The conference committee for Wall Street reform finally got around to the title on credit rating agencies, and we saw a lot of unanimity on the House side for the offer written by Barney Frank, which would retain the language removing references to credit rating agencies from the regulatory code, but which would cancel out the Franken amendment, which would change the issuer-pays model to one where an SEC office would assign initial ratings. The House offer passed on a voice vote with almost no opposition.
Republicans like Spencer Bachus, Jeb Hensarling, Scott Garrett, and Ed Royce all supported the language on removing all mentions of rating agencies and the “Good Housekeeping seal” of approval. They all seemed to support Barney Frank’s nullification of the Franken amendment, too. Jeb Hensarling in particular commended Frank for canceling out the Franken amendment, which he said would lead to the same “government-sanctioned cartel” that we currently have.
Republicans did disagree with portions of the Frank offer, but only on shouldering more liability on the rating agencies who failed during the financial crisis. Hensarling tried to make the argument that increasing the liability standard would reduce competition, which is needed for accuracy of ratings. But Mary Jo Kilroy (D-OH) responded that “we’re asking raters to be responsible for their gross negligence.” The House offer would eliminate section 436(g) and hold all rating agencies accountable under the liability standard similar to most of the rest of the financial industry.

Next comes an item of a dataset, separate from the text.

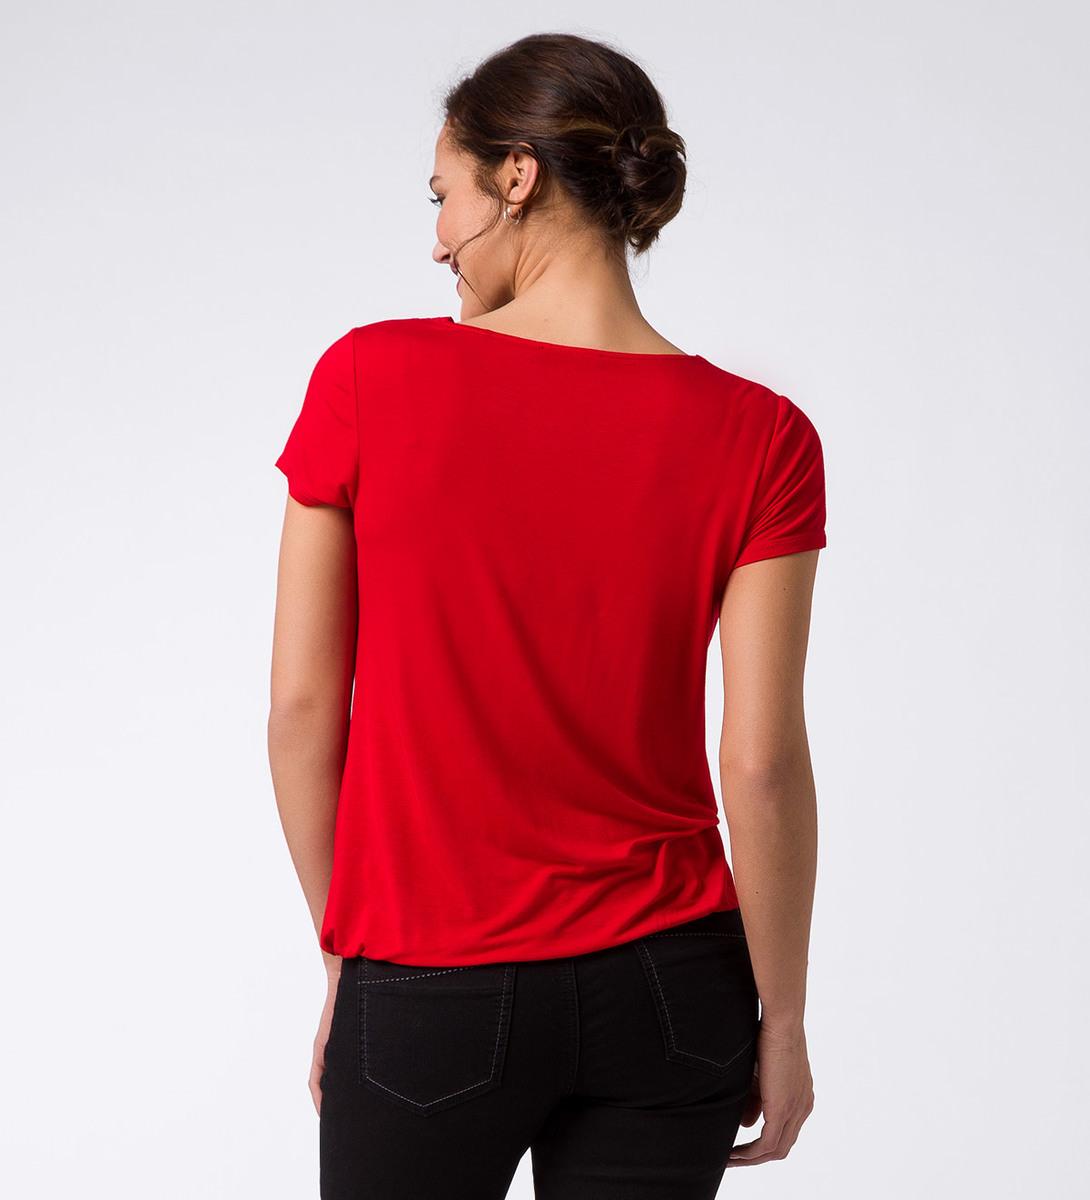 T-Shirt mit Lagenausschnitt in flame red

Even the Democrats inclined to support the Franken amendment preferred to go the way of a two-year study, which is in the Frank offer, to see if something better than his SEC-assigning model could be determined. Brad Sherman (D-CA) actually carried something similar to the Franken amendment in the House Financial Services Committee, where it failed last year. But while he supports Franken’s amendment, after a strong speech saying we must end the issuer-pays model, and even saying “the American people expect the Franken amendment in the final bill,” he called for the study. Such a study would put the Franken amendment in place two years from now, “unless something better could be come up with.” Paul Kanjorski (D-PA) echoed this call for a study, even though he acknowledged that “the most substantial contributor to the crash was issuing so many AAA securities,” that a “hoax has been perpetrated on the American public” and that the issuer-pays model “is the problem.”

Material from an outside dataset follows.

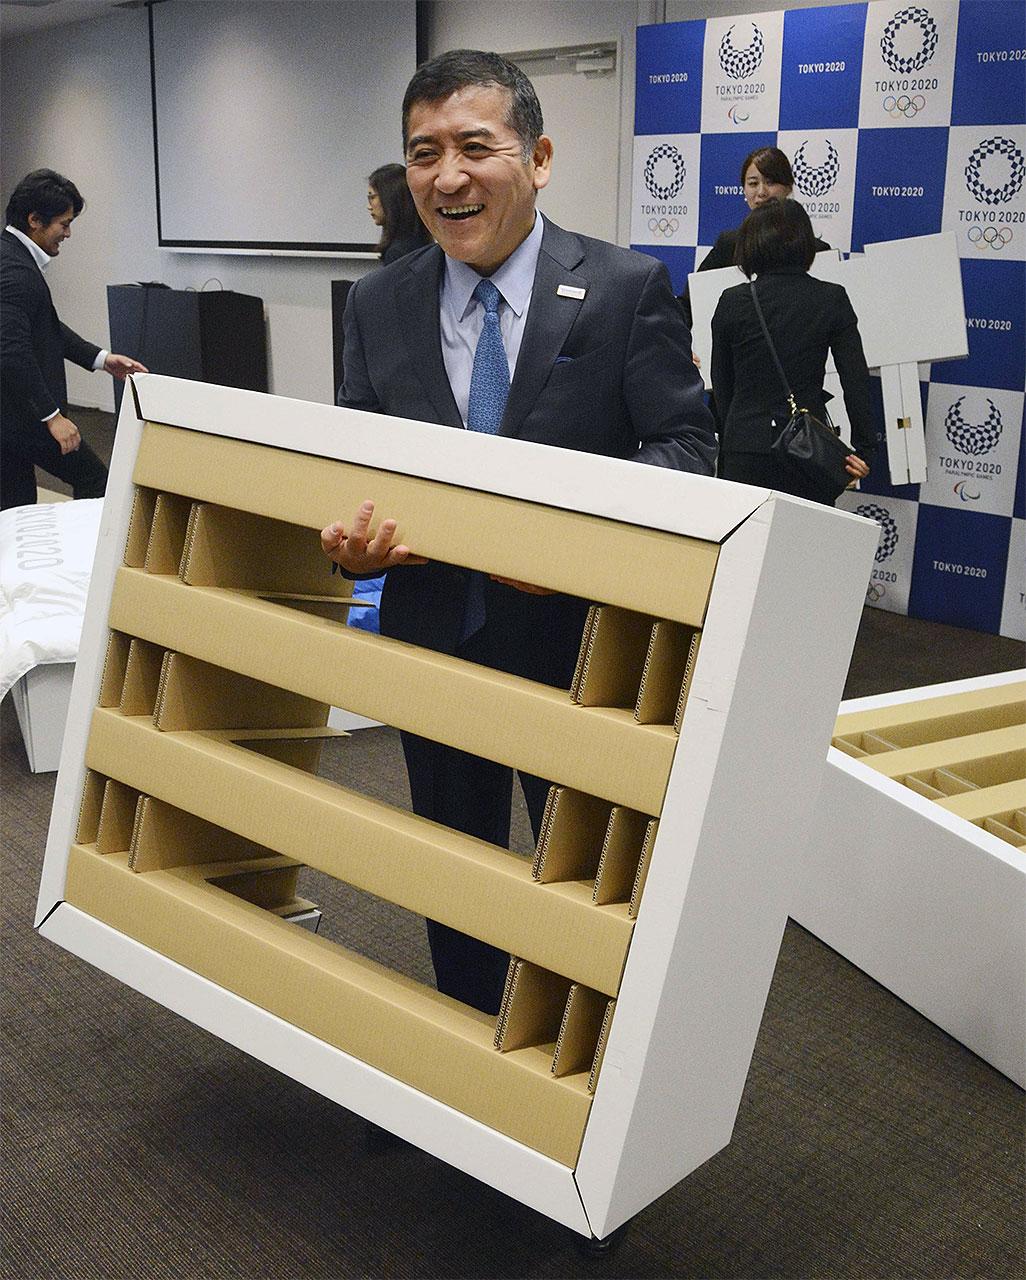 Минимализм до крайности: Олимпийские спортсмены в Токио спят на картонных кроватях

Everyone knows what a study means – it’s a delaying tactic in service to a tactic of denying. But that’s what the House conferees voted for, with basically no opposition. The ball is now in the Senate’s court to accept, reject, or come up with a counter-offer.
UPDATE: I should say that, in an ideal world, we would have no study but an immediate implementation of the Franken amendment, and the House language on liability for the rating agencies.